Connecticut Superior Court, Judicial District of Stamford-Norwalk at Stamford
Nov 30, 1994
1994 Ct. Sup. 11992 (Conn. Super. Ct. 1994)

Opinion

No. CV 91 0118711

November 30, 1994 CT Page 11993


MEMORANDUM OF DECISION


The plaintiff, Sylvia Kramer, alleges in her complaint that the defendant, David J. Ordway, trespassed on her property located at 31 Rollingwood Drive in Stamford, and that as a result she sustained financial loss and emotional distress. A bench trial was conducted and the evidence disclosed that the defendant and his wife lived at and owned property located at 37 Rollingwood Drive, immediately adjacent to the plaintiff's property.

The evidence further disclosed that the defendant wished to make some improvements to the rear of his house and property, including the construction of a porch and deck, and the erection of a stone retaining wall. In order to accomplish this, the defendant hired a builder and other artisans whose trucks and equipment came on plaintiff's property over the course of approximately four months in the fall of 1989. The defendant testified that he believed he had verbal permission from the plaintiff permitting the trucks and other equipment to come on her land because there was insufficient space between the edge of his home and the property lines for the equipment to stay exclusively on the defendant's own property. However, the key piece of evidence was a letter sent by the defendant, who is an attorney, to the plaintiff on or about July 7, 1989, asking for her written permission to enter upon her land. The plaintiff refused to sign this letter. She subsequently confronted the defendant to complaint about the trucks and other equipment coming on her property, but she testified that the defendant in effect brushed her aside. In addition to the trucks and other equipment crossing over onto the plaintiff's property, a truck belonging to the builder or his subcontractors broke down in plaintiff's back yard and stayed there for several weeks.
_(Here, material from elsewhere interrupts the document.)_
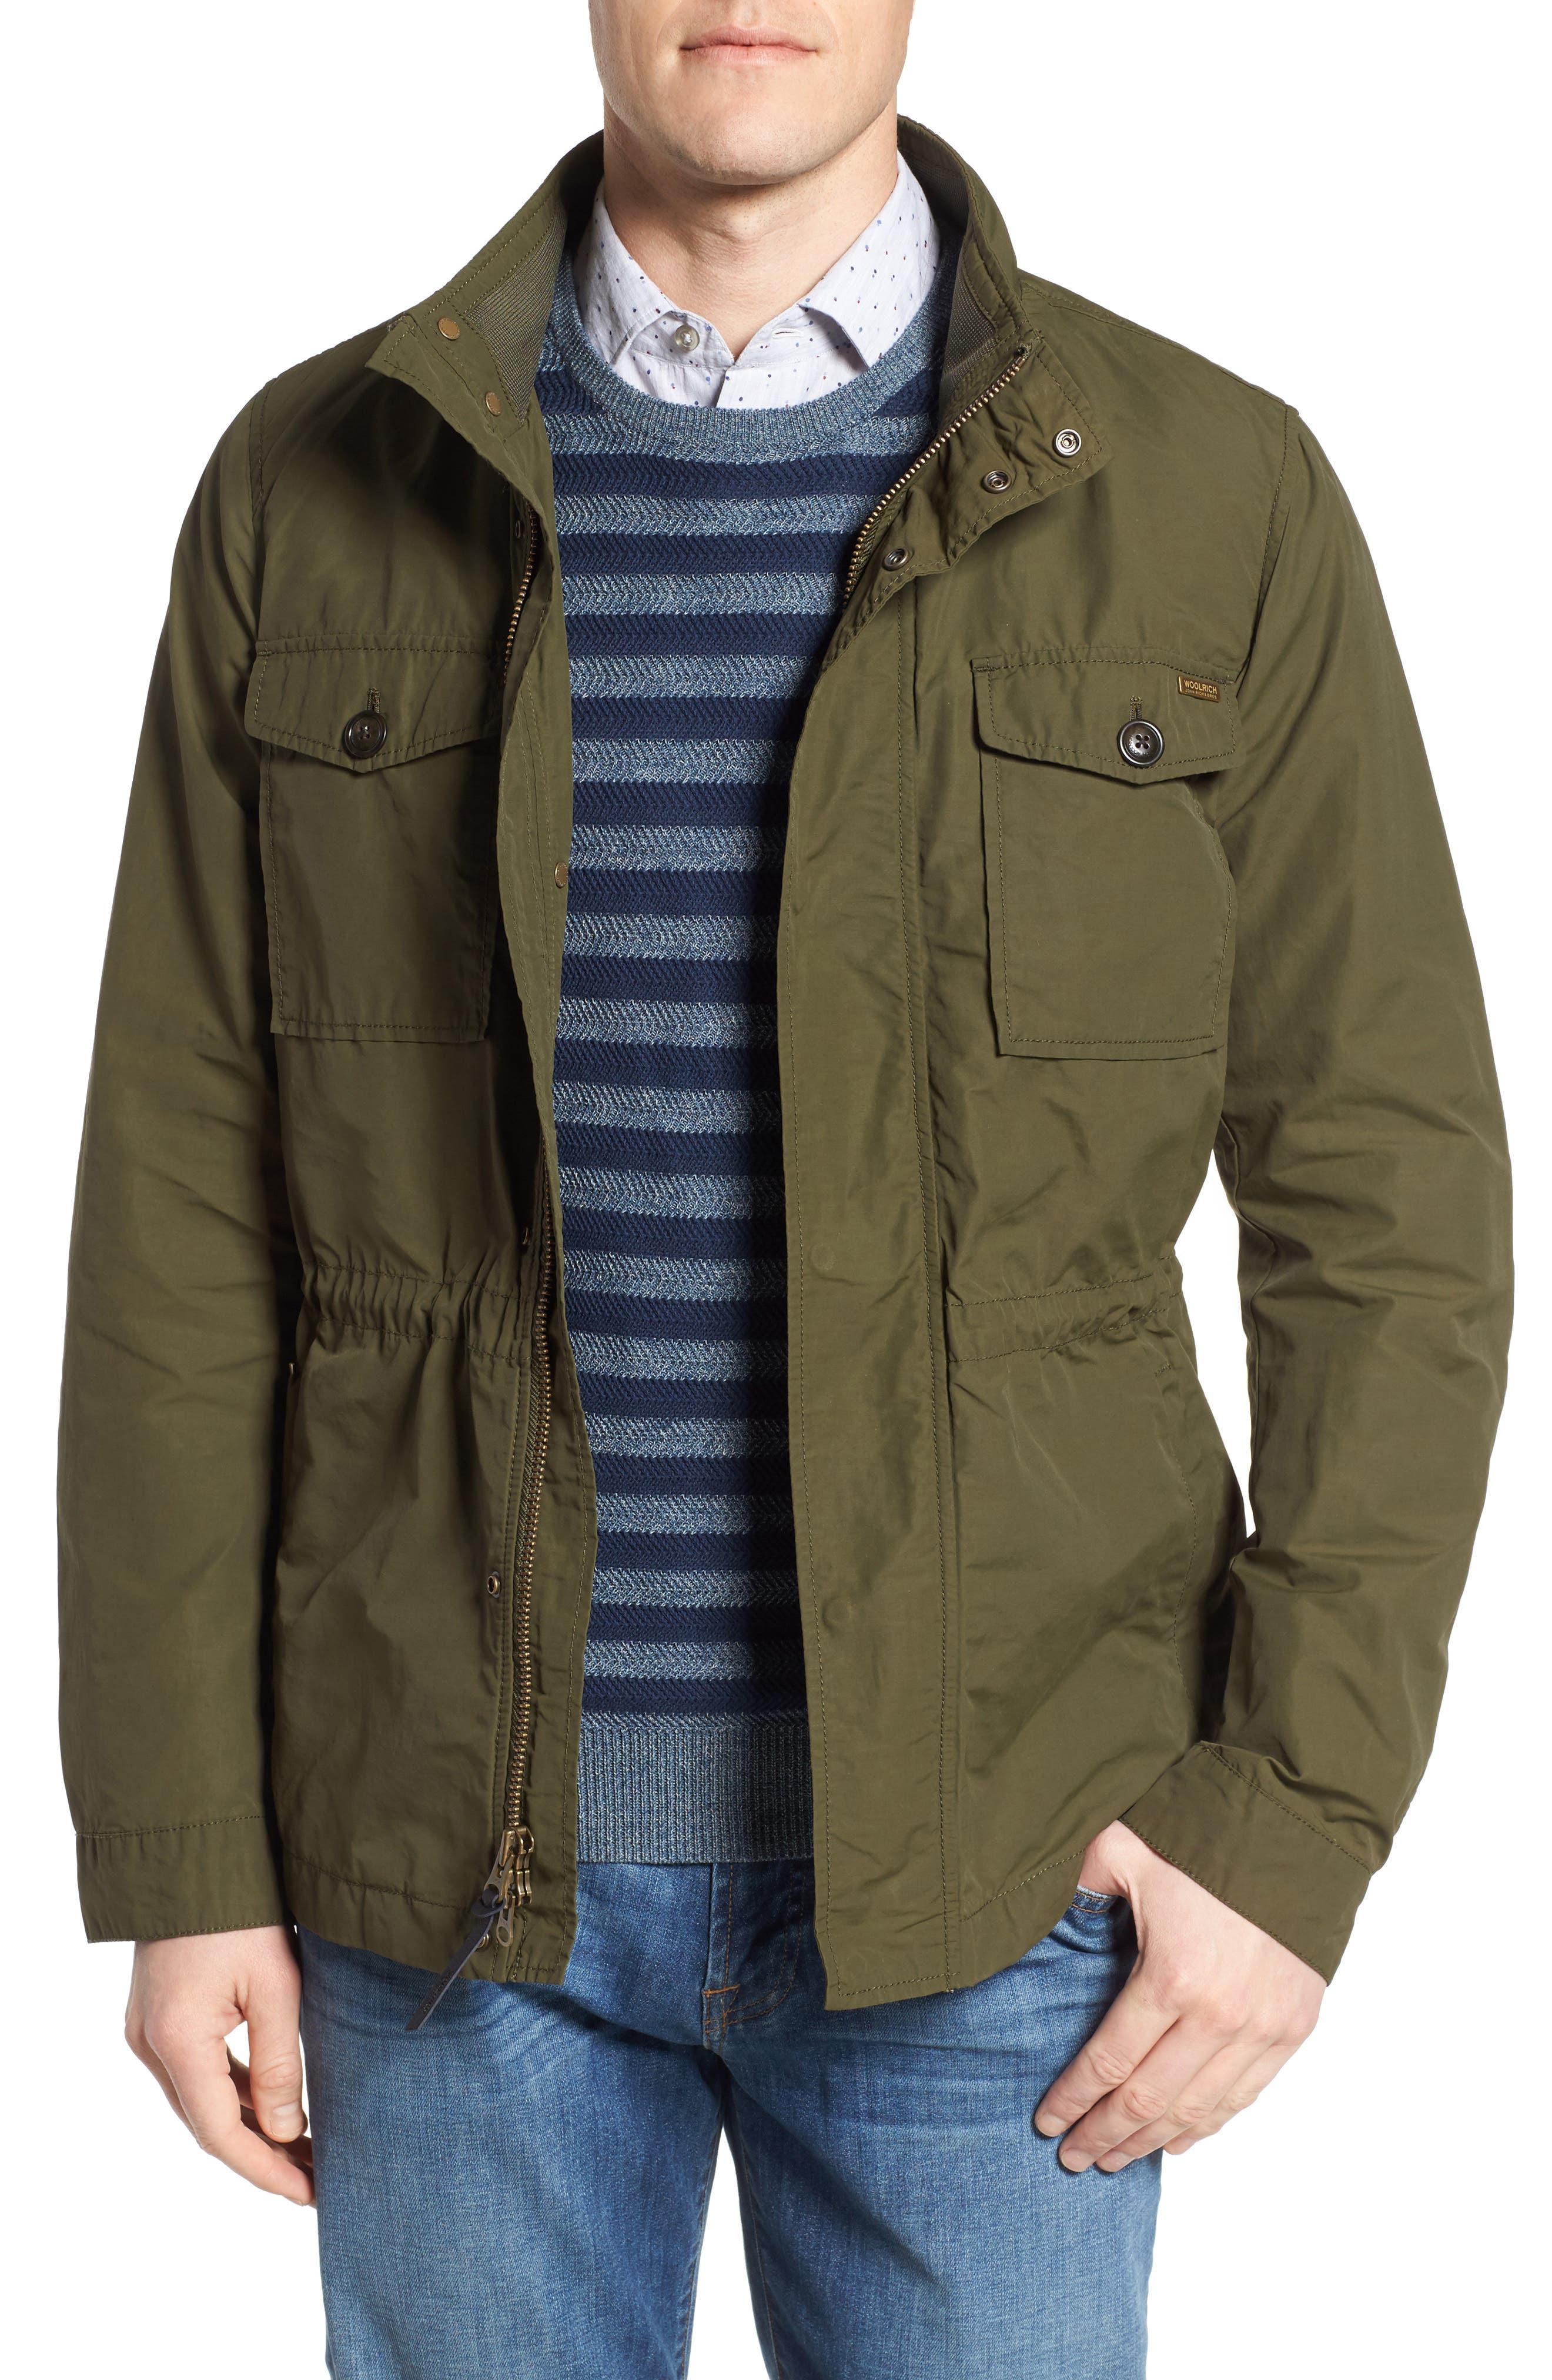 Alternate Image 1 Selected - Woolrich John Rich Military Field Jacket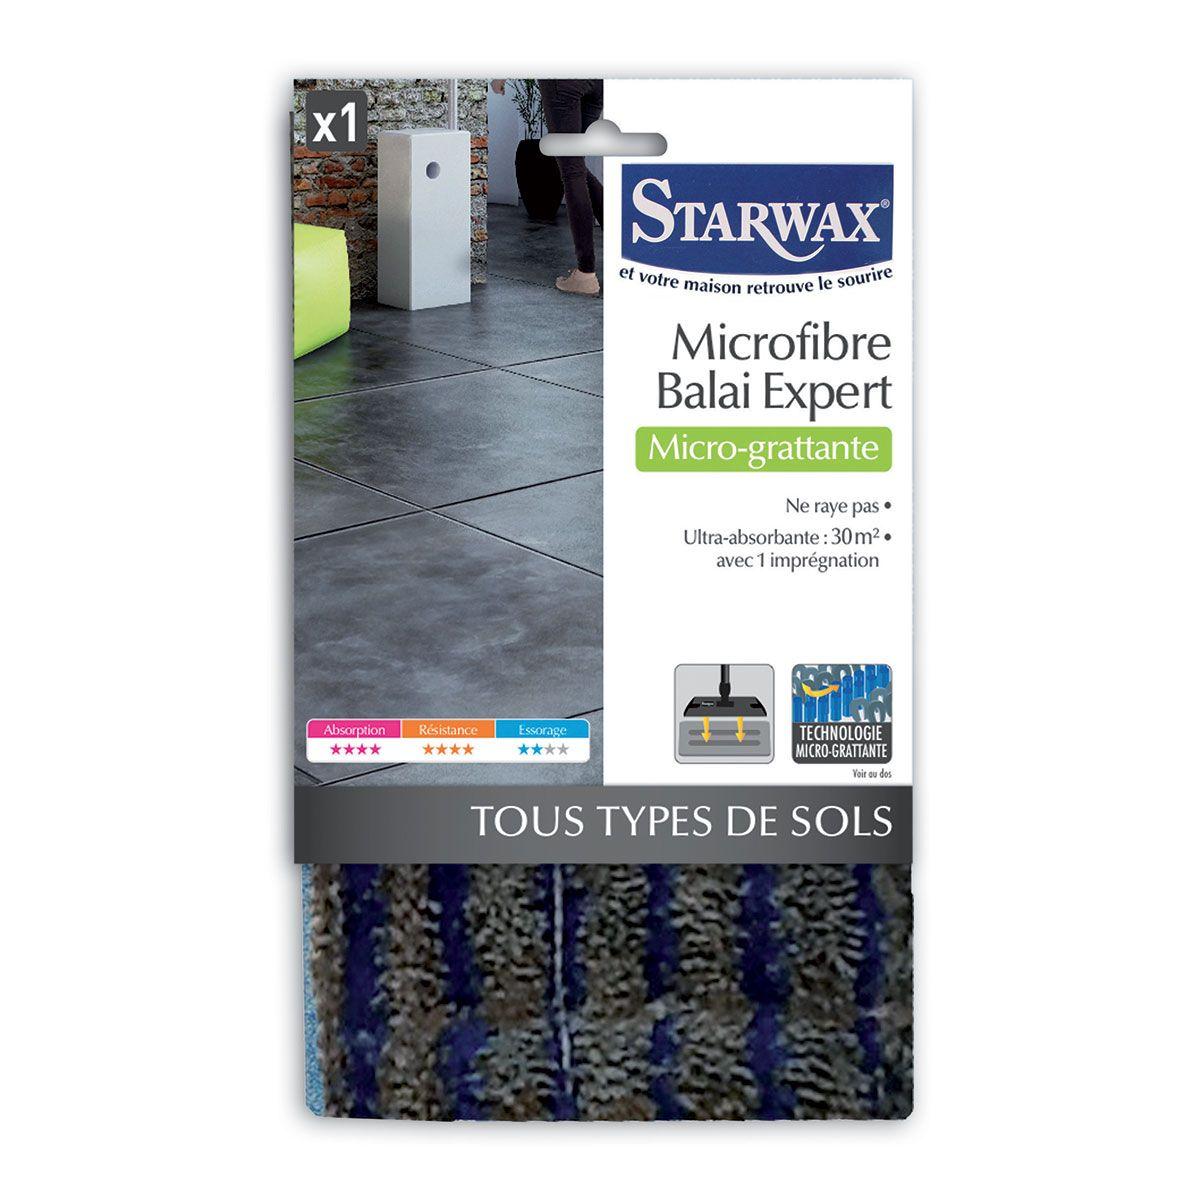 Microfibre micro-grattante pour tous types de sols - Starwax

The plaintiff and other witnesses testified that as a result of the trucks and other equipment coming on her land, a portion of her property became muddy, unusable and distasteful to view.

"This is to request in writing your permission to traverse portions of your property contained behind your home as indicated on the attached survey, for the purpose of moving heavy equipment to and from the back of our home where we wish to begin certain construction. (i.e. deck, patio, etc.)"

Based on the evidence, it is found that the plaintiff proved ownership of 31 Rollingwood Drive, and that the defendant caused vehicles to encroach over the property line, and accordingly that a trespass occurred on the plaintiff's property. "A trespass on real estate is the doing of a direct injury to property by force." Lake Garda Improvement Association v. Battistoni, CT Page 11994 160 Conn. 503, 516-17, 280 A.2d 877 (1971). "The plaintiff must prove possession, title and the absence of actual exclusive possession in another." Id. As stated at 75 Am. Jur. 2nd, Trespass 35: "Because it is the right of the owner in possession to exclusive possession that is protected by an action for trespass, it is generally held that the intrusion of the property be physical and accomplished by a tangible matter. Thus, in order to be liable for trespass, one must intentionally cause some `substance' or thing to enter upon another's land." The plaintiff satisfactory proved these elements of trespass.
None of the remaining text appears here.